80 character line limit! This is necessary to make git diffs useful
numbers in text should be english words ("four common mistakes" not "4 common mistakes") unless there are units (40km, not forty km)
use Oxford commas ("a, b, and c" not "a, b and c")
"subset" should not be used as a verb
functions in text should not have parentheses (read_csv not read_csv())
remove all references to "course" and "student"; replace with "reader" or "you" where necessary
make sure we have permission to use all external resources that we use
remove all references to "clicking on things" in the HTML version of the book (e.g. "click this link to ...")

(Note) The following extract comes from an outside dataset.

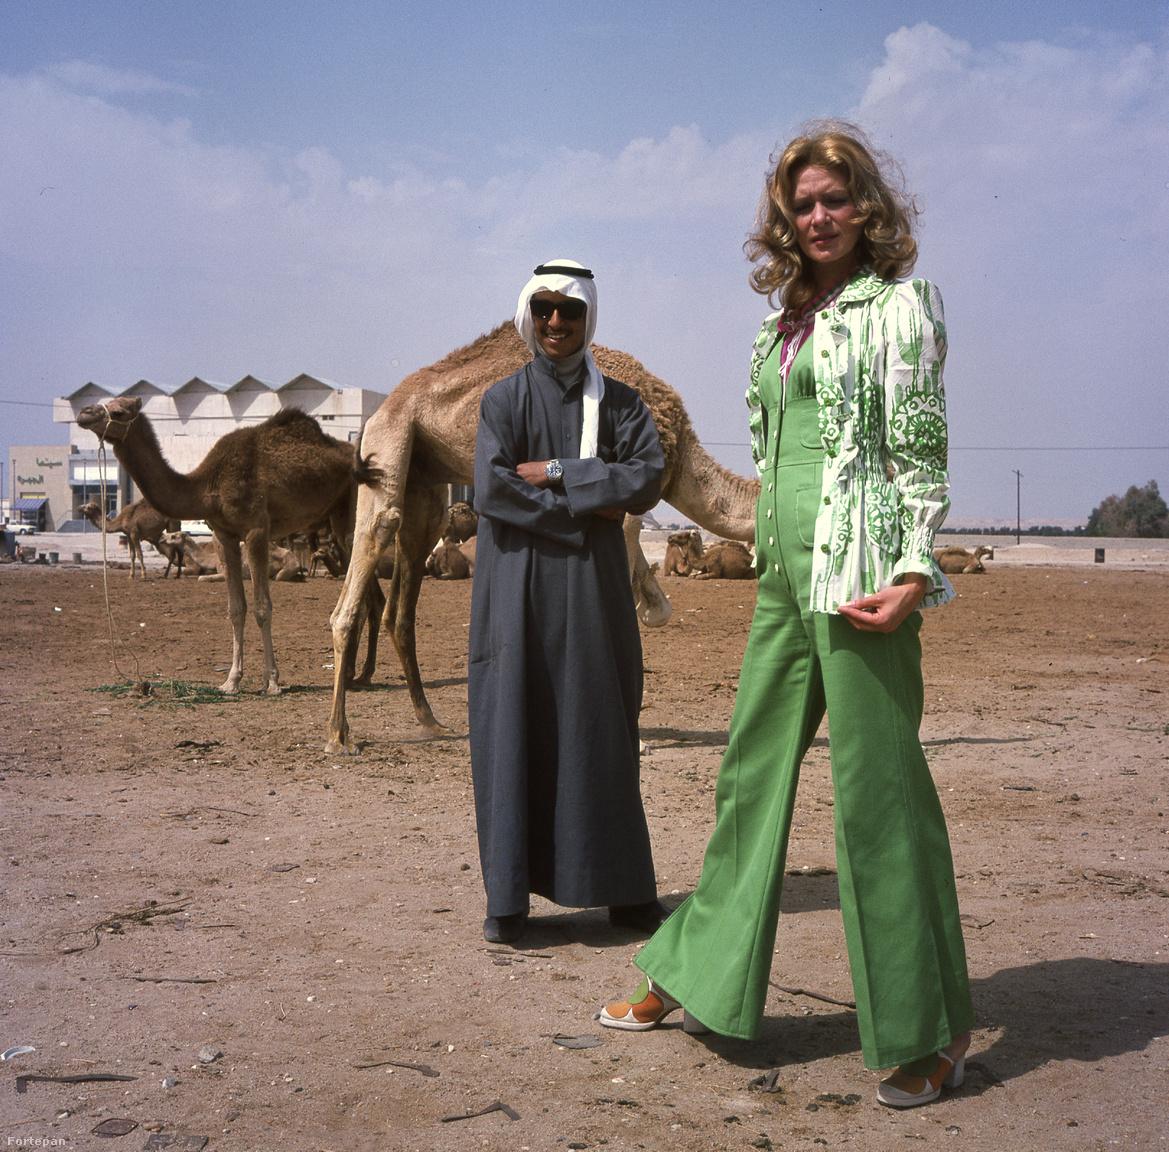 Egy emblematikus divatfotó 1973-os Schiffer Pál-kép Zám Edit manökennel az arab divatfotózáson. Ezzel 2018-ban is megállják a helyüket.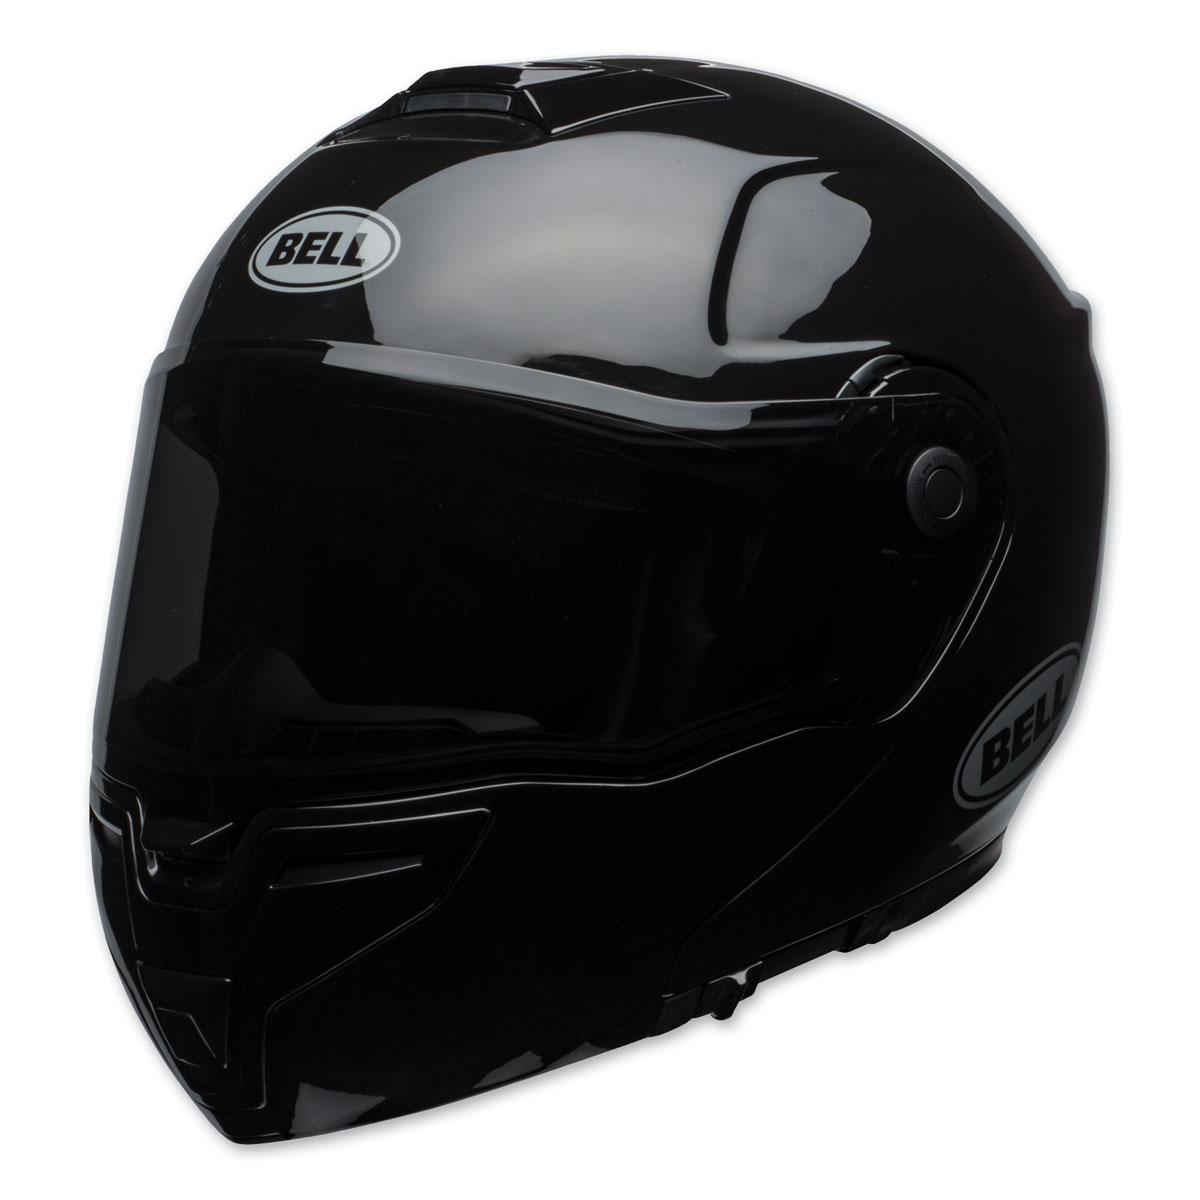 Bell SRT Gloss Black Modular Helmet

When we introduce a new term, use **bolding** to typeset it (but only the first introduction of the term)
for symbols as part of the text, make sure you give them their full name and surround with parentheses so that they don't "disappear" in the rest of the text. So for example, if I have a , in the text, I should do something like "here is some text about the comma (,)". Or for <-, we should do "something like this assignment operator (<-)". There are likely exceptions to this rule though.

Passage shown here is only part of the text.